▶ **THE PROBLEM**
From the line containing "They have tall" to the last line of the records below, retype every line exactly and output nothing else.

▶ **GIVEN RECORDS**
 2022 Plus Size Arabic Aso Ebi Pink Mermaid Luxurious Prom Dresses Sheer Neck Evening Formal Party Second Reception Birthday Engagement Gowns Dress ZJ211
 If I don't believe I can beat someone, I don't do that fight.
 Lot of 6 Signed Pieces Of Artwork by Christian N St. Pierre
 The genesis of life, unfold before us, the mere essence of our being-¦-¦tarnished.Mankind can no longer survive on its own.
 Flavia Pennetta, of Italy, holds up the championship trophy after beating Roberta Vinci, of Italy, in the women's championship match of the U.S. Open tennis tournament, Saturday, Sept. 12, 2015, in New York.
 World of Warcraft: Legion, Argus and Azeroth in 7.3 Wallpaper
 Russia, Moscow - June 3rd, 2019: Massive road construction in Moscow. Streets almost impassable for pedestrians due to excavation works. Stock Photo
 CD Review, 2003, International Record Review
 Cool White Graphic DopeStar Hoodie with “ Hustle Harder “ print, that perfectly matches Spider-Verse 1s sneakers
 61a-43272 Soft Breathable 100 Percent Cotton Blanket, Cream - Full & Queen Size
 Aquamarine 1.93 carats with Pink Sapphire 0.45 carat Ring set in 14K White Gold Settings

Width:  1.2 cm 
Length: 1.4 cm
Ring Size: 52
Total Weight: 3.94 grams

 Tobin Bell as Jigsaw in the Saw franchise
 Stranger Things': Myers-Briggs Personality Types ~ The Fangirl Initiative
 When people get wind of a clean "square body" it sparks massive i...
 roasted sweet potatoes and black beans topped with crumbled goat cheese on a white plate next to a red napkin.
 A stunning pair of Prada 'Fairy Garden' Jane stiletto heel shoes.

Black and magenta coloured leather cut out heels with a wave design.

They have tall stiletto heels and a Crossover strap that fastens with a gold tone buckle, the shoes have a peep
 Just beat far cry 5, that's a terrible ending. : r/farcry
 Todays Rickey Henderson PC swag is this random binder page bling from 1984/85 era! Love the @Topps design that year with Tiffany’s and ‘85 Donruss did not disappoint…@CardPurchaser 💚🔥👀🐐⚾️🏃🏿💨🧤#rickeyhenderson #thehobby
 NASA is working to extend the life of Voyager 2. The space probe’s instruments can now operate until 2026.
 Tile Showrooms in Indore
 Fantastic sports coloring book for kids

▶ **SOLUTION TO THIS TASK**
They have tall stiletto heels and a Crossover strap that fastens with a gold tone buckle, the shoes have a peep
 Just beat far cry 5, that's a terrible ending. : r/farcry
 Todays Rickey Henderson PC swag is this random binder page bling from 1984/85 era! Love the @Topps design that year with Tiffany’s and ‘85 Donruss did not disappoint…@CardPurchaser 💚🔥👀🐐⚾️🏃🏿💨🧤#rickeyhenderson #thehobby
 NASA is working to extend the life of Voyager 2. The space probe’s instruments can now operate until 2026.
 Tile Showrooms in Indore
 Fantastic sports coloring book for kids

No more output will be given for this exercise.